## [Provided information]
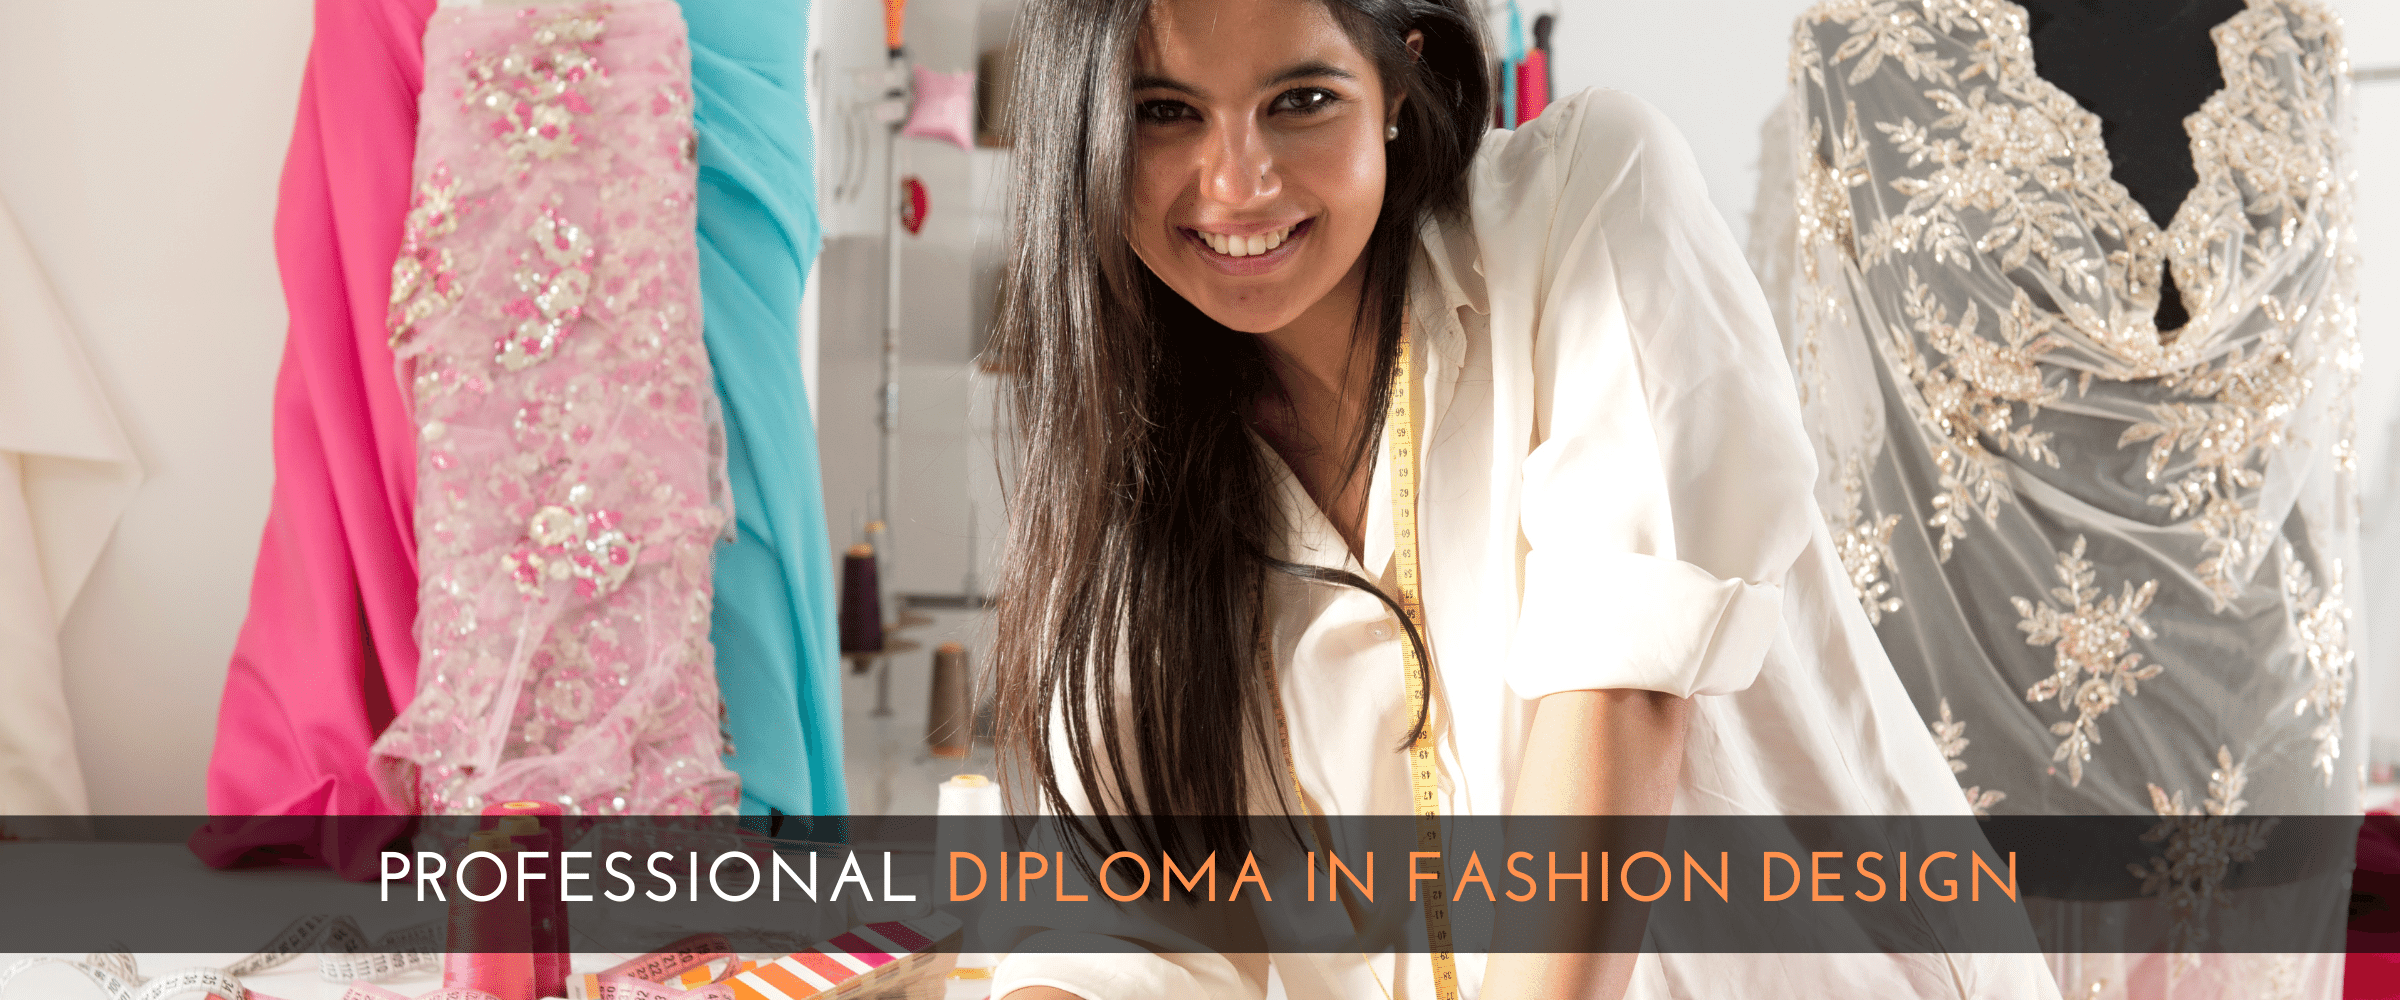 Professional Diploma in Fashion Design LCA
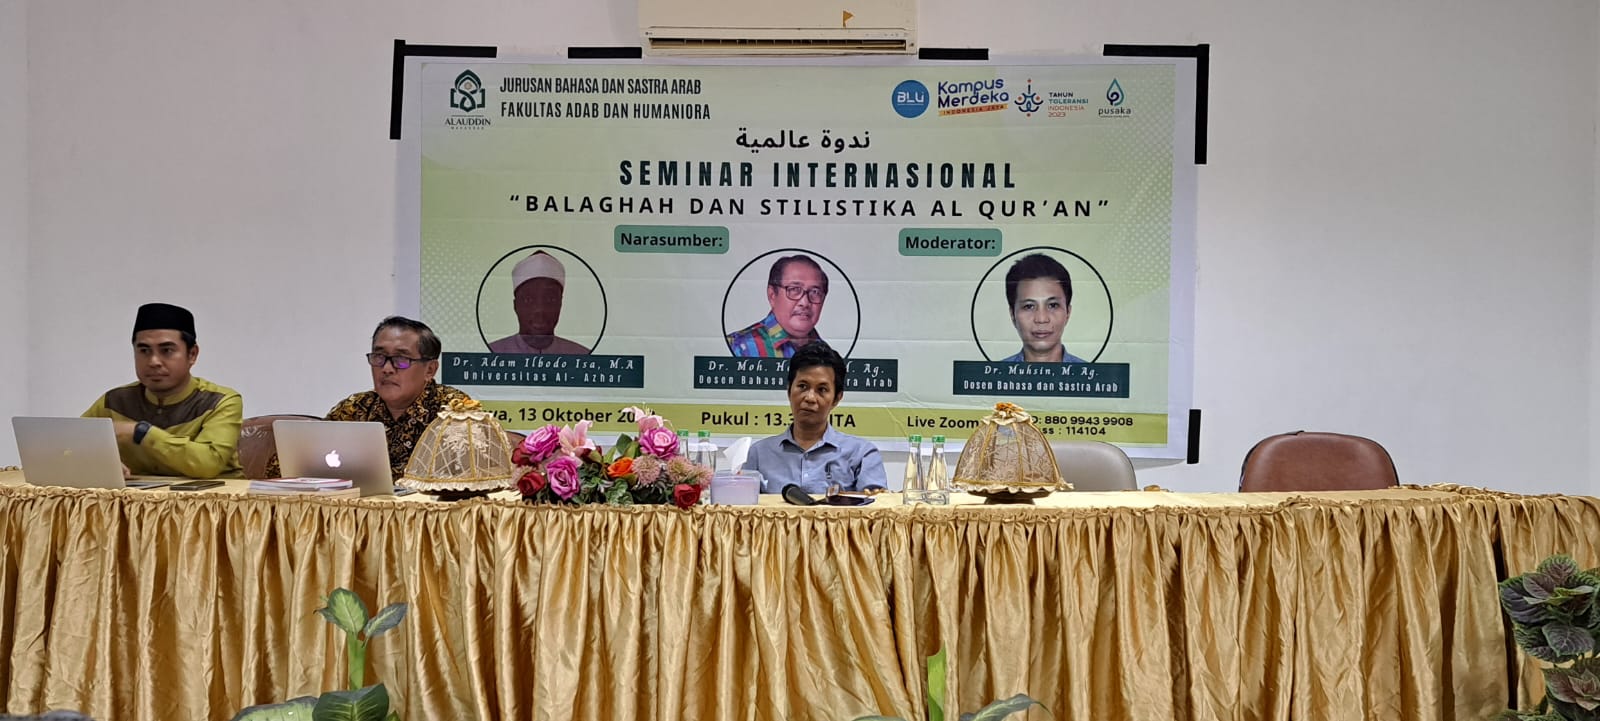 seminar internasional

...

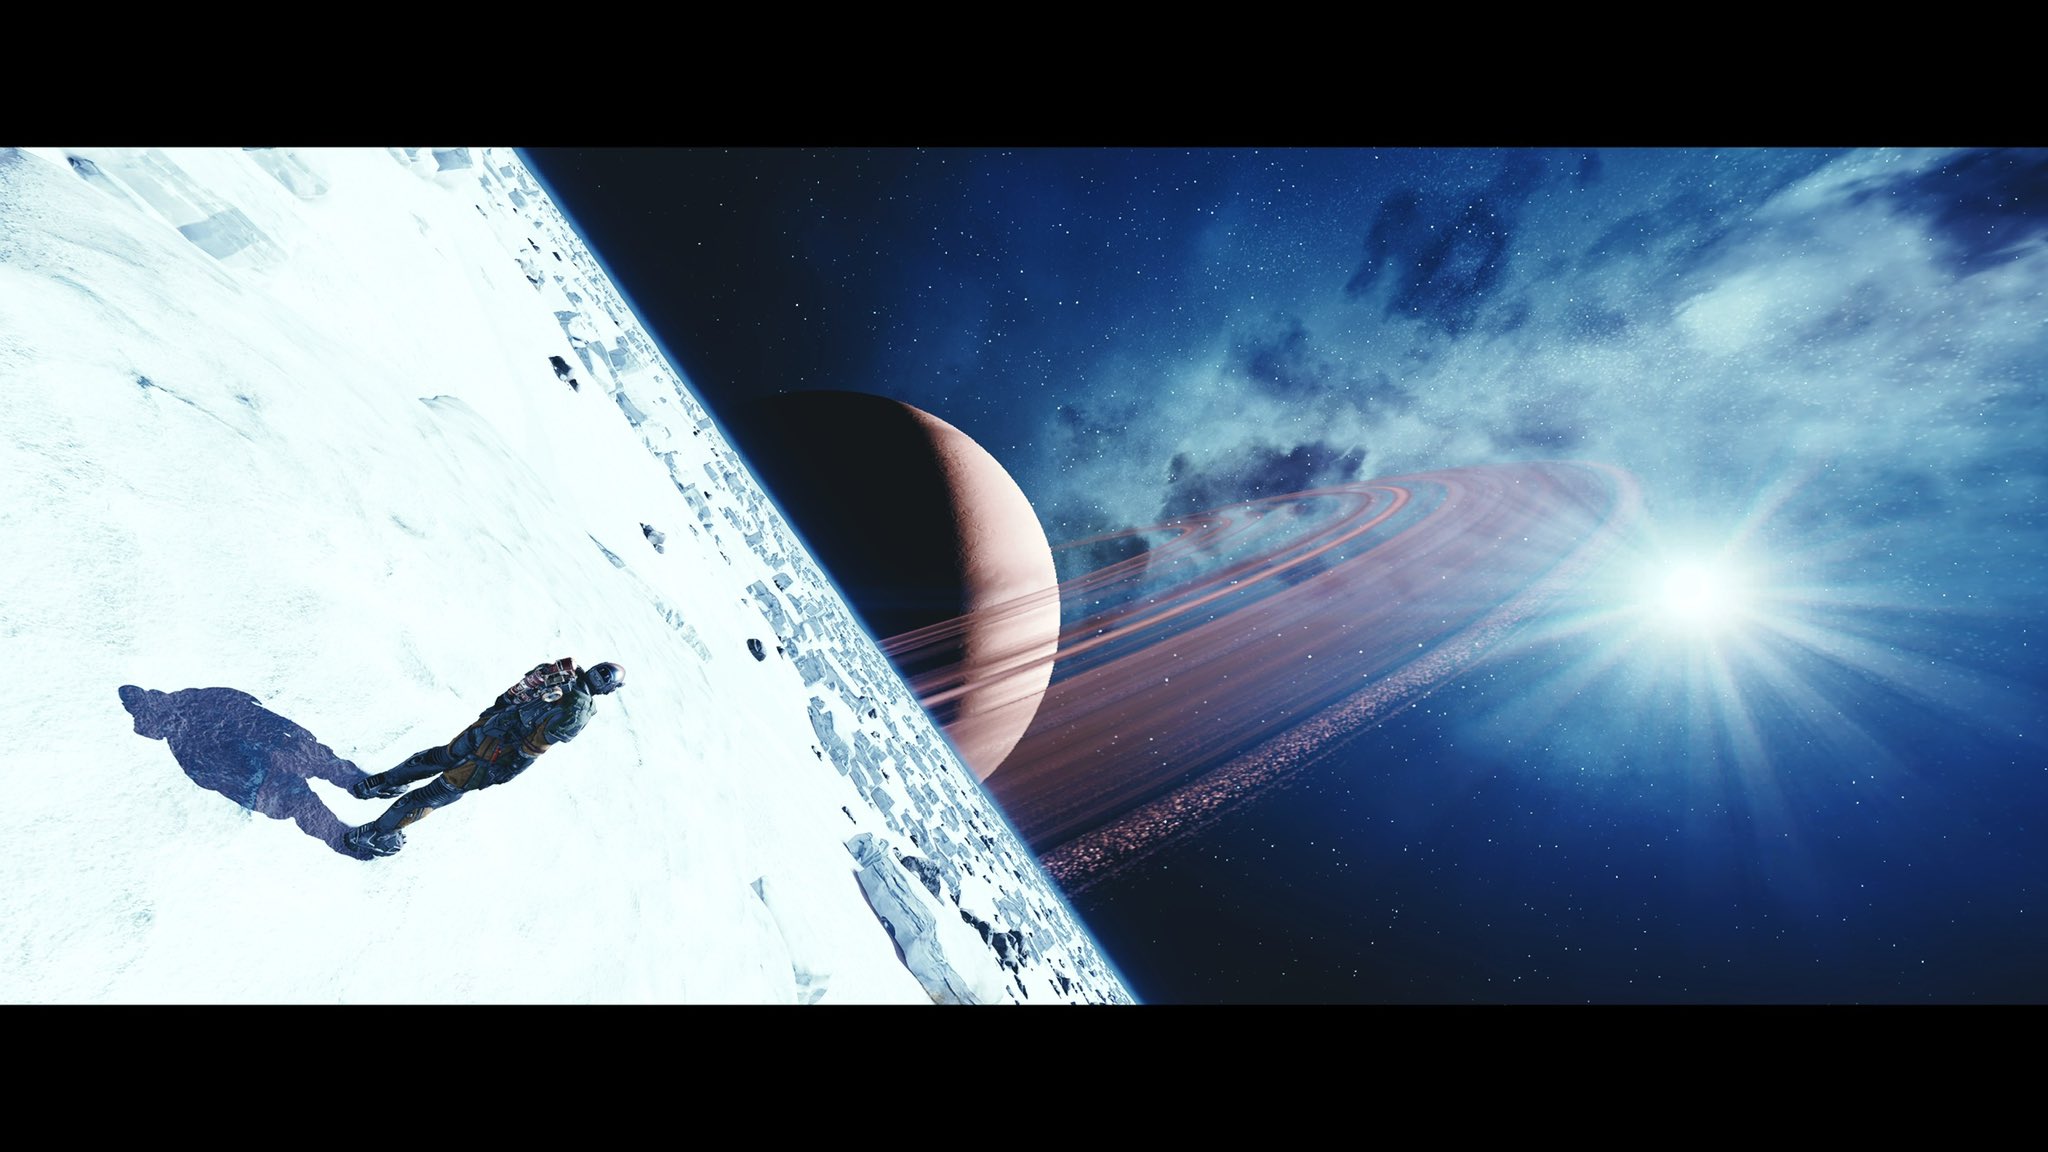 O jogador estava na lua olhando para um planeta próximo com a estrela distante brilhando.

## [Brief]
Transcribe, exactly and without pictures, everything in the data from the line with "Professional Diploma in Fashion Design LCA" down to the line with "seminar internasional", both included.

## [Response area]
 Professional Diploma in Fashion Design LCA
 seminar internasional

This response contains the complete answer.